I am trying to replace the values of one array with another according to how many ones are in the source array.我试图根据源数组中有多少个数组来替换一个数组的值。 I assign a value from a given index in the replacement array based on the sum.我根据总和从替换数组中的给定索引中分配一个值。 Thus, if there are 2 ones in a row, it assigns a value of l1[1] to the species, and if there is one unit, it assigns a value of l1[0] to the output.因此,如果连续有 2 个,则为物种分配值l1[1] ,如果有一个单元,则为输出分配值l1[0]

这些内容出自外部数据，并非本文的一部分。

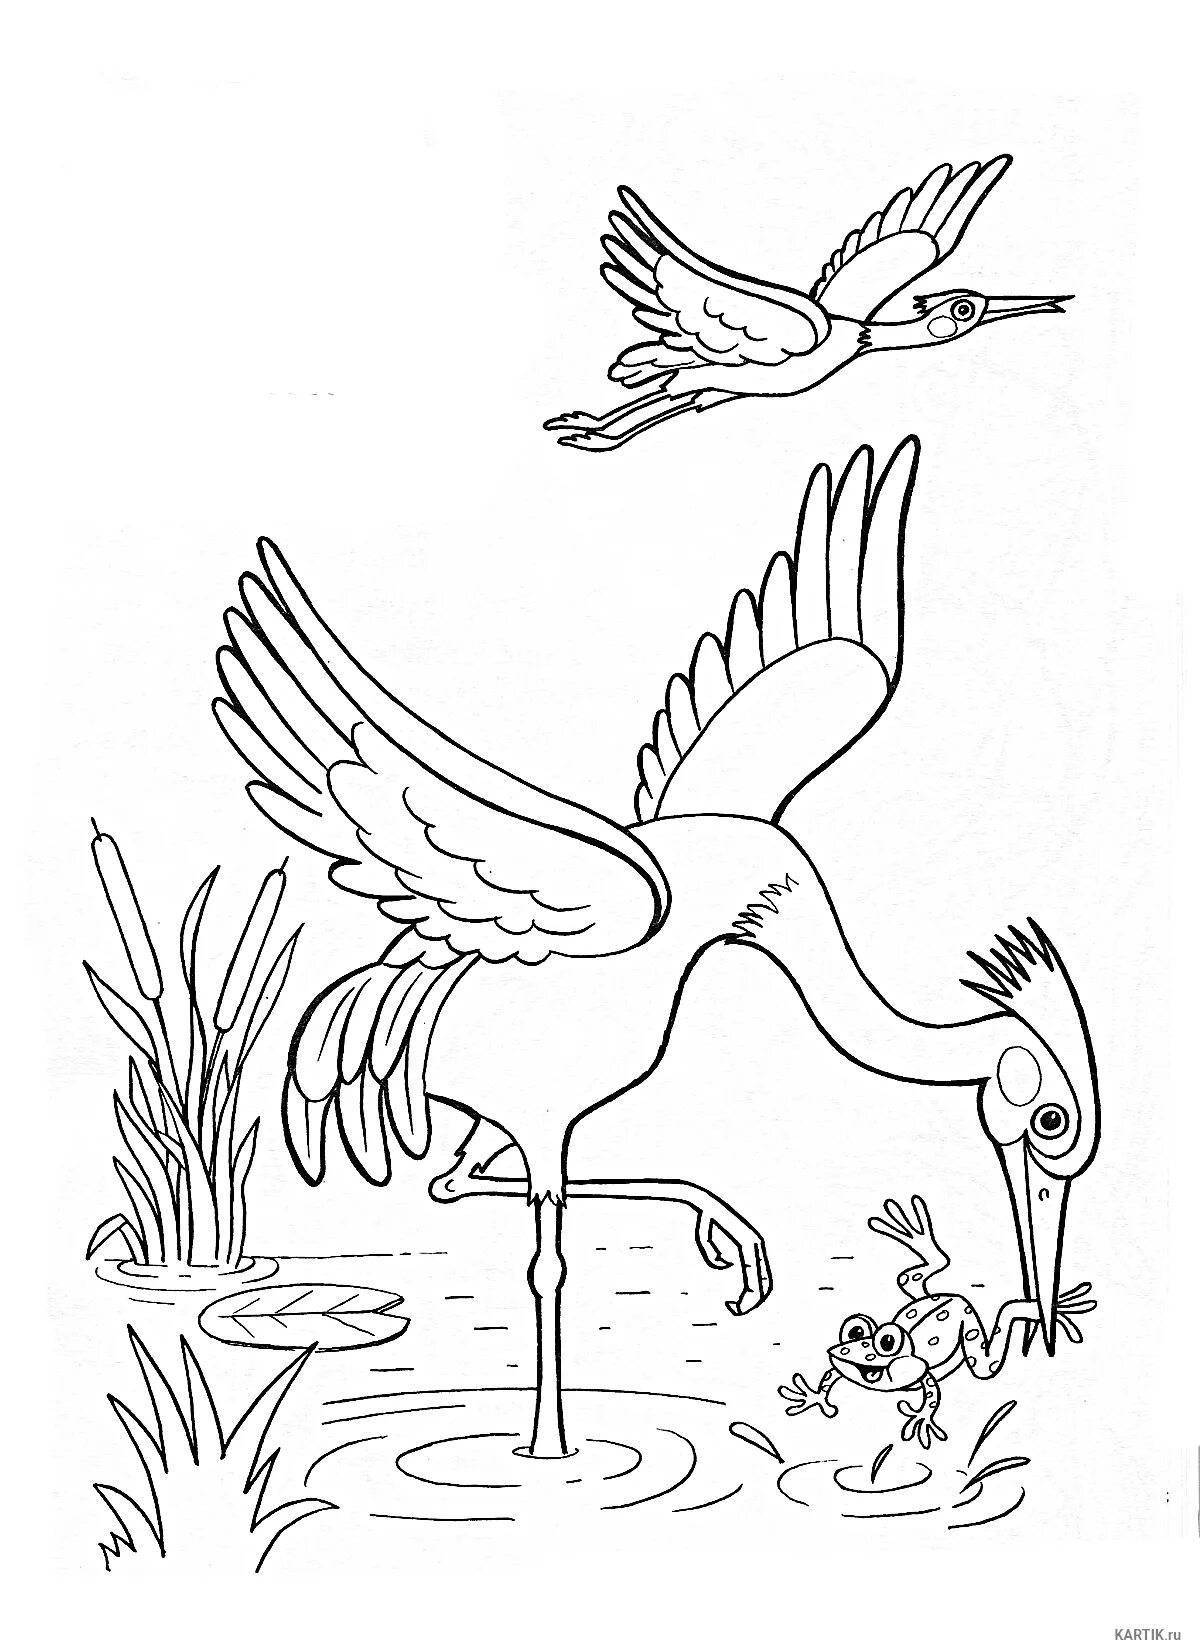 Majestic heron coloring page

It will be better seen in a specific example:在一个具体的例子中会更好地看到:

import numpy as np

l1 = np.array([4, 5])
x112 = np.array([[0, 0], [0, 1], [1, 1], [0, 0], [1, 0], [1, 1]])

array([[0, 0],
       [1, 0],
       [1, 1],
       [0, 0],
       [1, 0],
       [1, 1]])

Required output:所需输出:

[[0]
 [4]
 [5]
 [0]
 [4]
 [5]]

I did this by counting the units in each row and assigning accordingly using np.where :我通过计算每行中的单位并使用np.where进行np.where分配来np.where

x1x2 = np.array([0, 1, 2, 0 1, 2]) #count value 1
x1x2 = np.where(x1x2 != 1, x1x2, l1[0]) 
x1x2 = np.where(x1x2 != 2, x1x2, l1[1])             
print(x1x2)

output输出

[0 4 5 0 4 5]

Could this be done more effectively?这可以更有效地完成吗?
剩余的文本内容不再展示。